For chemical analysis, samples mineralization was performed by microwave assisted acid digestion (U.S. EPA. 2007). Specifically, the methods EPA 3051A/2007 was used. Plant samples referred to root, rhizome, and fronds. Briefly, samples were dissolved in concentrated nitric acid and concentrated hydrochloric acid using microwave heating. The samples and acids were placed in fluorocarbon polymer (PFA) microwave vessels. The vessels were sealed and heated in the microwave unit (175 °C for 15 min). After cooling, the vessel contents were filtered, centrifuged, and then diluted to volume and analyzed. The total metal (Al, Cd, Cr, Na, Ni, Pb) and metalloid (As) concentrations were measured by ICP-MS (Thermo Jarrell, Ash Iris Advantage, Thermoelectron, Waltham, MA, USA) following the methods UNI EN ISO 17294-2:2016 and EPA 6010 D2014 for biomass and soil, respectively. The analyses of micro (B, Cu, Fe, Mn, Zn) and macro nutrients (Ca, Mg, K, P) in the extracts were carried out by ICP-MS (Thermo Jarrell, Ash Iris Advantage, Thermo Electron, Corp., Milford, MA, USA). A QC procedure was performed by a daily five-point calibration with multi elemental standard followed by a secondary standard calibration, analyses of a certified reference material (CRM) added to samples, and a matrix spike and matrix spike duplicate (MS/MSD) were performed. All reagents were of ultrapure grade (Sigma-Aldrich, St. Louis, MO, USA).

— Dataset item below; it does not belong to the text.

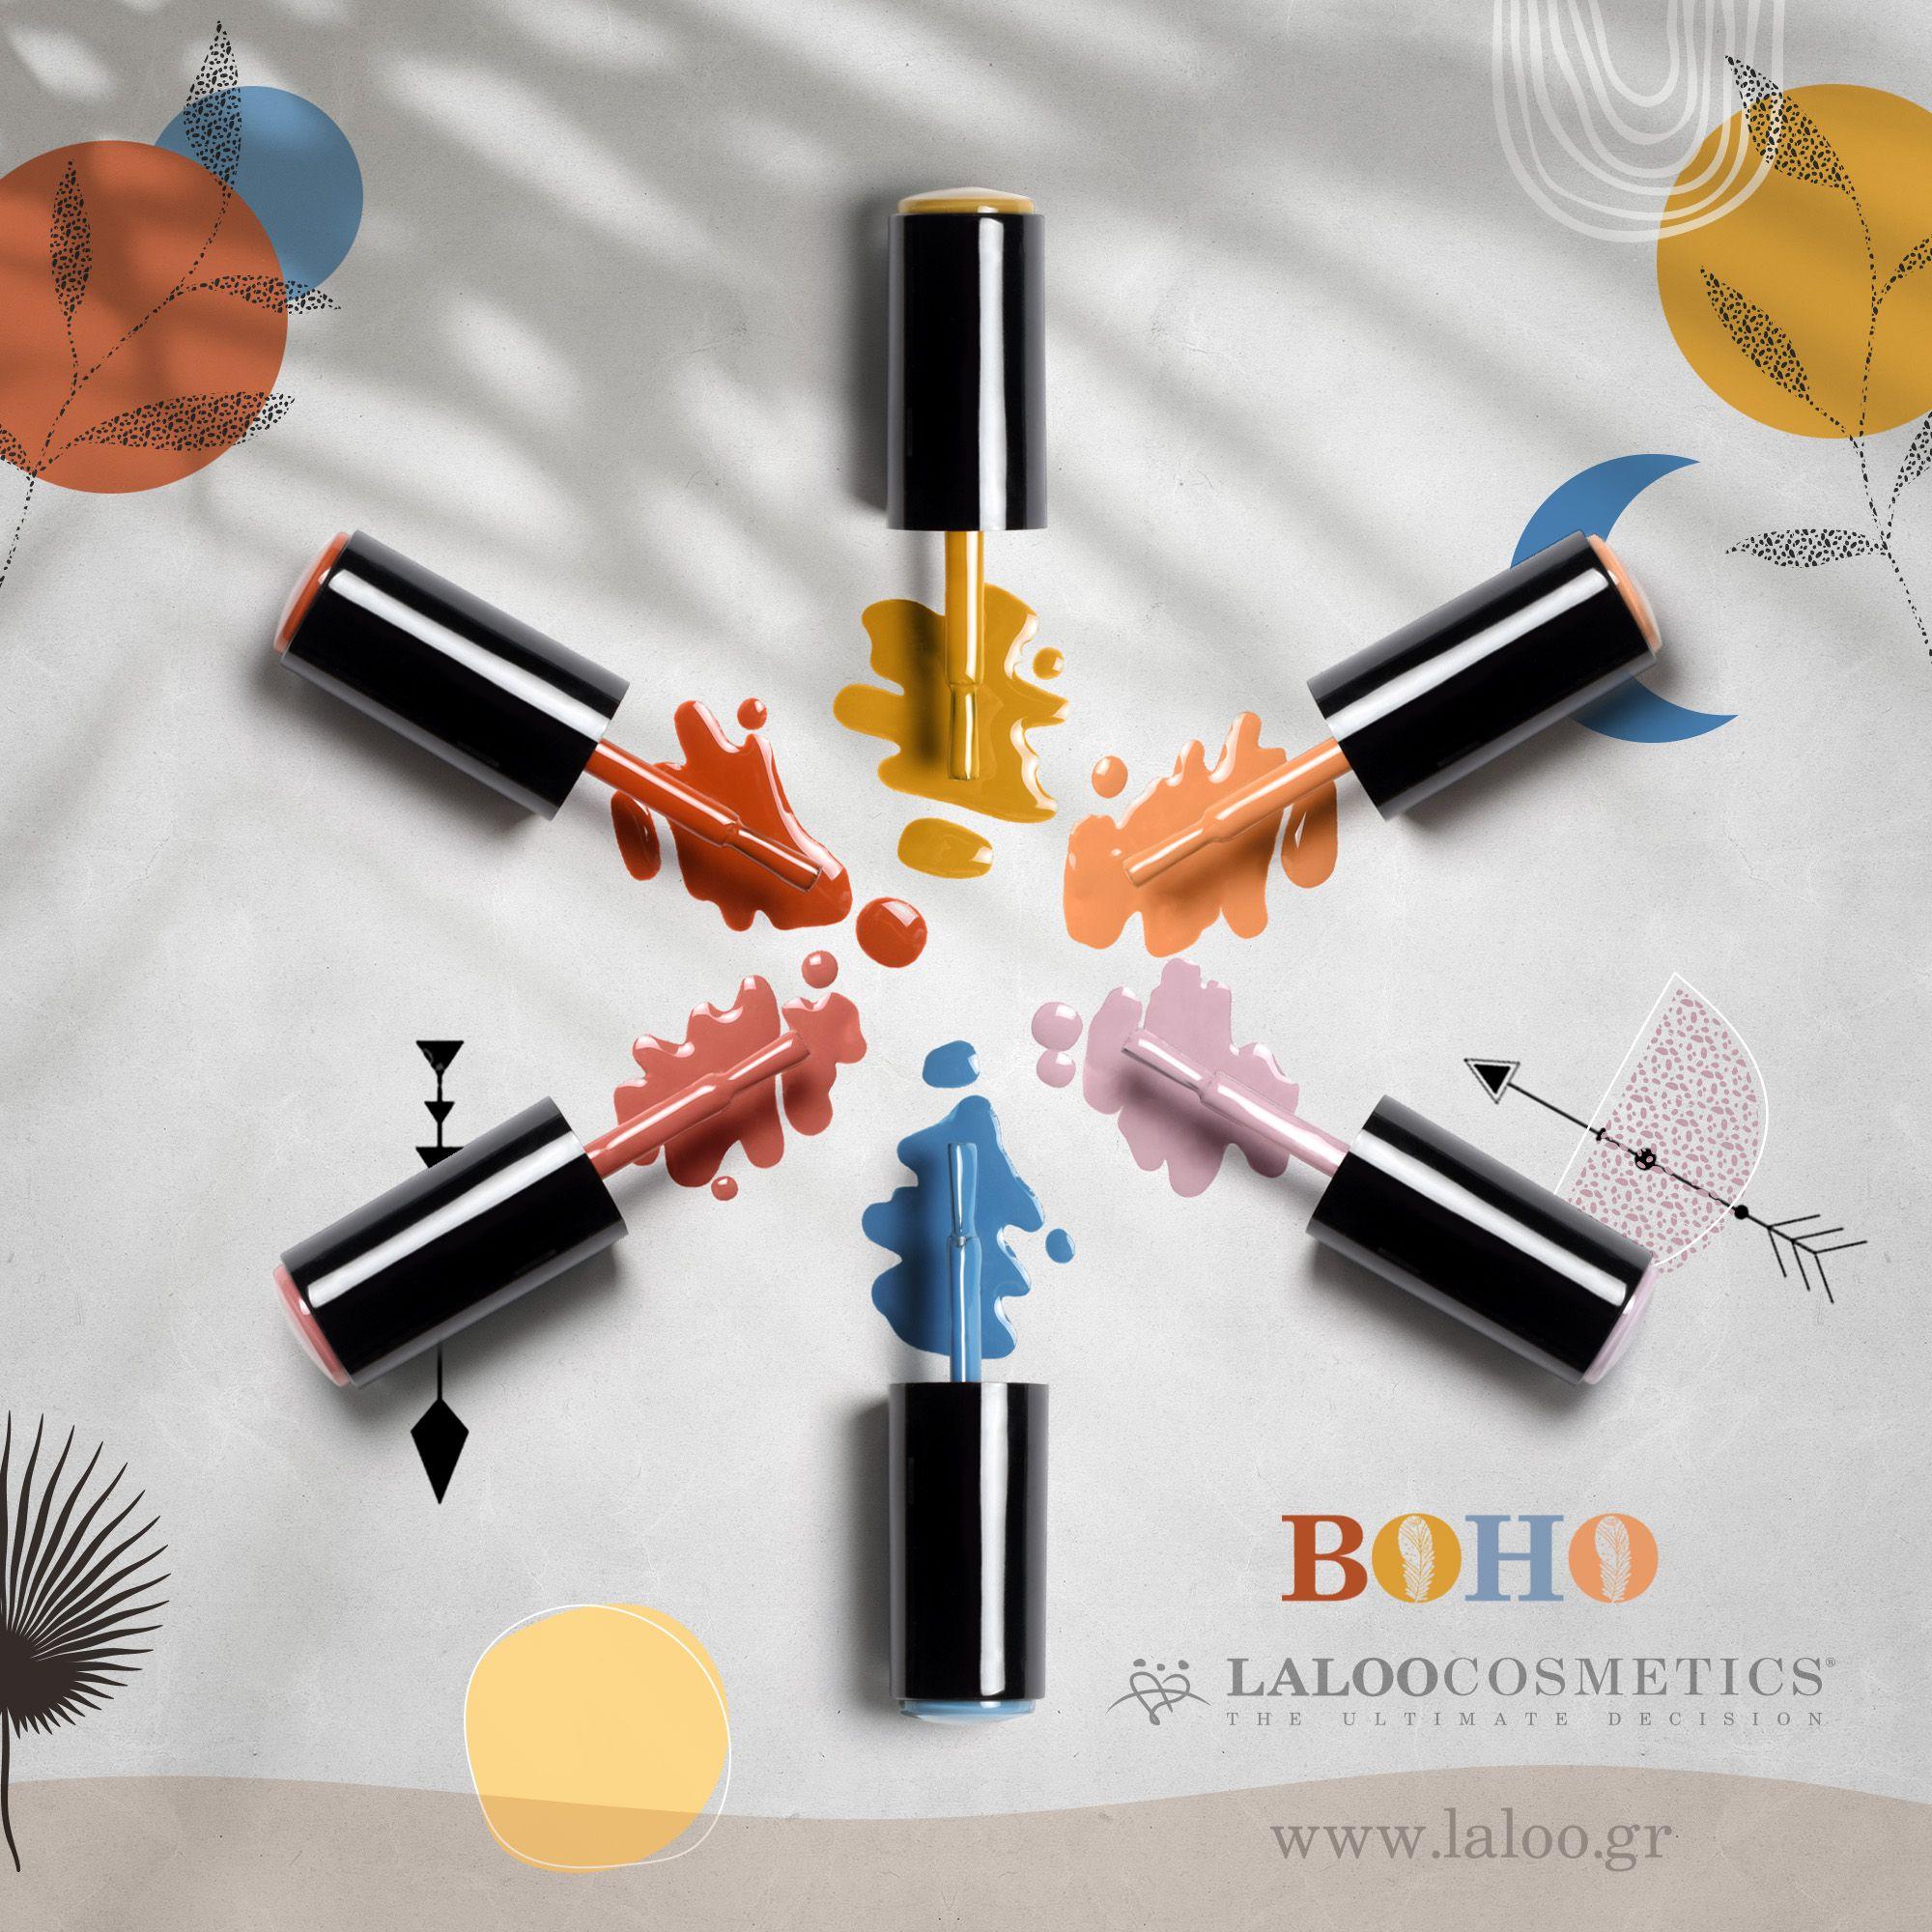 Laloo Cosmetics Boho Collection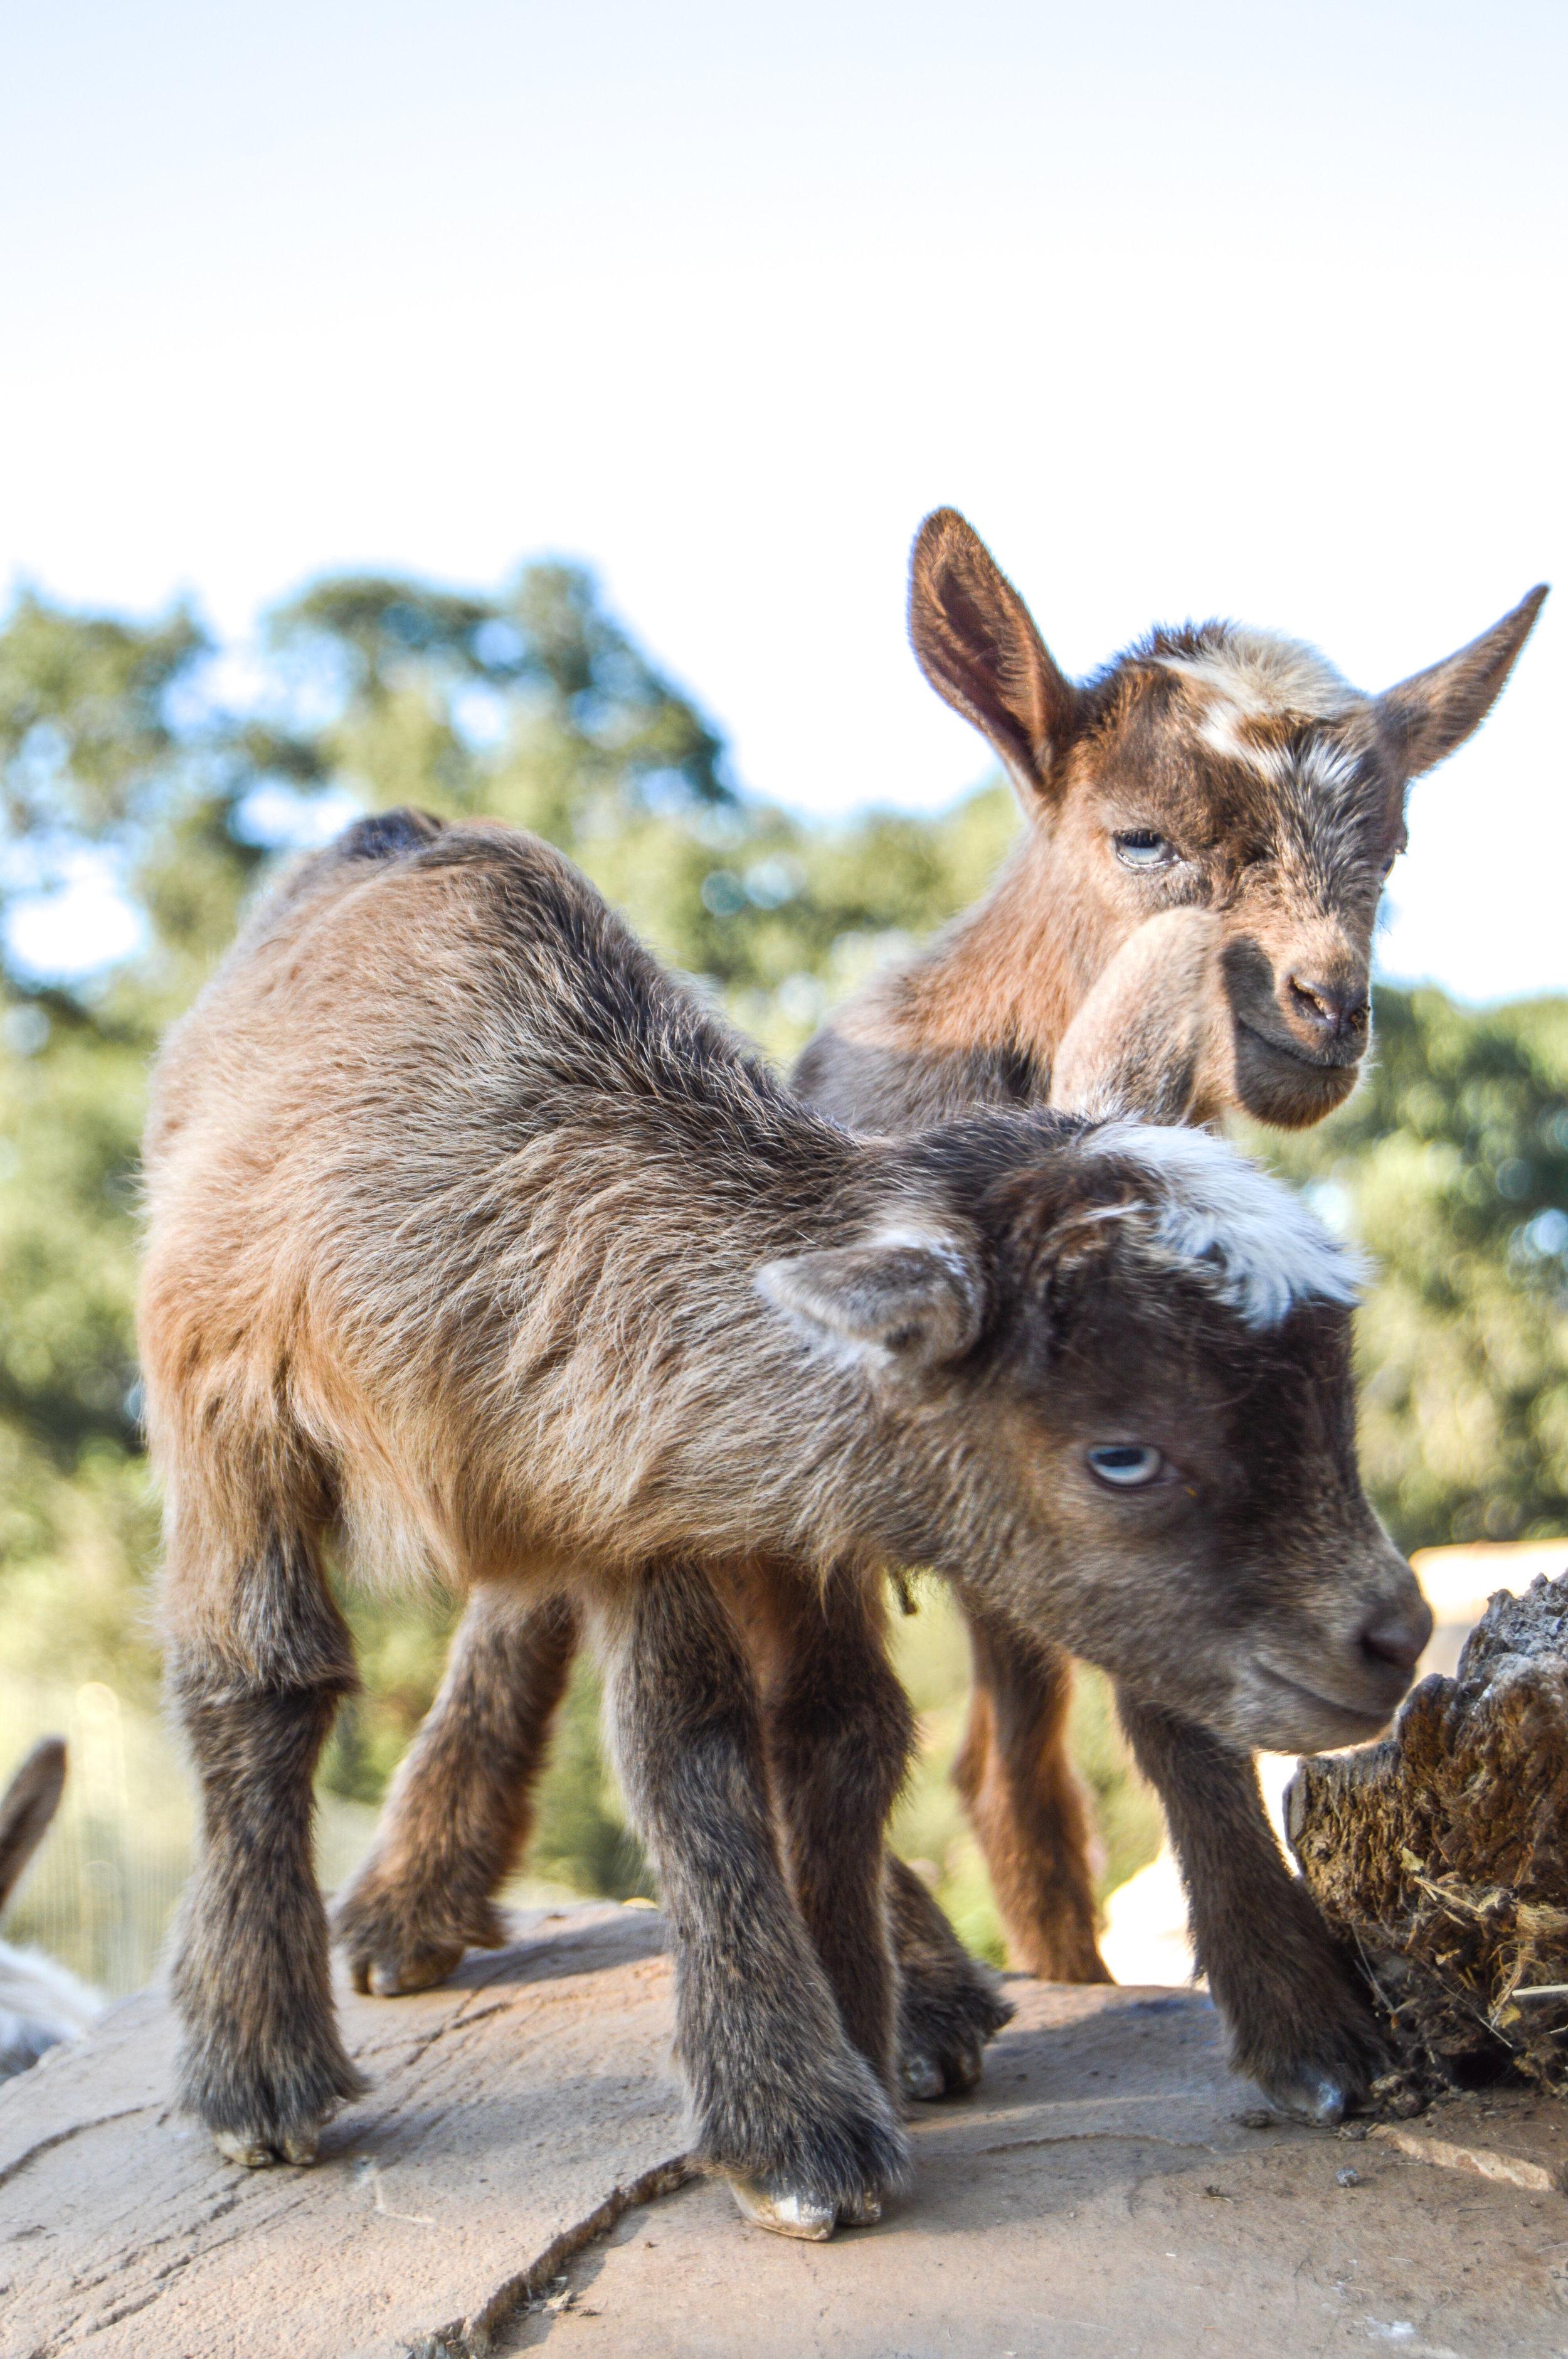 Baby Goat #babygoat, #goats, #farmanimals, #babyfarmanimals, #nigeriandwarf, #niferiangoat, #goatlove, #crazygoatlady, #homestead, #homesteadgoals, #babyanimals

For highlighting the accumulation potential towards As of fern plants used in this study, the bioconcentration factor (BCF) was calculated as the ratio of As concentrations in fronds to concentration in the substrate [10]. To describe the ability of the plants to translocate As in the different plant organs, the translocation factor (TF) was calculated. This index is defined as the ratio of As concentrations in fronds to those in roots [10]. In addition to frond/root, TF was calculated also for rhizome/root and frond/rhizome to better understand As distribution within the plants [42].

2.3. Thiol Analysis

Thiol (Cys, GSH) and polythiol (PCs) analyses were performed in fronds and roots. Samples were homogenized in liquid N₂ with three volumes of extraction buffer (0.1 N HCl, 1 mM EDTA, 400 mg mL⁻¹ PVPP) and centrifuged (15,000 × g) for 25 min at 4 °C. Supernatant aliquots (100 μL) were mixed with 150 μL 0.2 M HEPES and 25 μL 3 mM DTT, then some drops of 2 N NaOH were added to correct pH to 8.0. After 1 h of dark incubation at room temperature, 15 μL 30 mM monobromobimane were added to the assay buffer that was successively incubated in darkness for 15 min at room temperature. To stop the reaction, 75 μL 10% acetic acid was mixed into the solution, centrifuged (15,000 × g) for 5 min at 4 °C and filtered (0.2 μm), to be ready for the injection into an HPLC system (Beckman-Coulter, Brea, CA, USA). Phytochelatins (PCs) were separated on a C18 reverse-phase column (250 × 4.6 mm, 5 μm pore size; Grace Davison, Deerfield, IL, USA). Elution was performed with a linear gradient (A = MeOH with 0.25% acetic acid, pH corrected to 4.3 with NaOH; B = H₂O with 0.25% acetic acid, pH corrected to 4.3 with NaOH) as follows: 90–60% B in 15 min, 60–20% in 5 min, 20–90% in 1 min, re-equilibration in 90% B for 5 min, at a flow rate of 1 mlmin⁻¹). Chromatograms were recorded and integrated using the 32 KARAT^TM Software 5.0 (Beckman-Coulter, Brea, CA, USA). PCs were identified by comparison with standard PC samples purified from Silene vulgaris (Moench). Quantification was performed with a Jasco fluorescence detector (model FP 2020 Plus; Tokyo, Japan; excitation 380 nm, emission 480 nm).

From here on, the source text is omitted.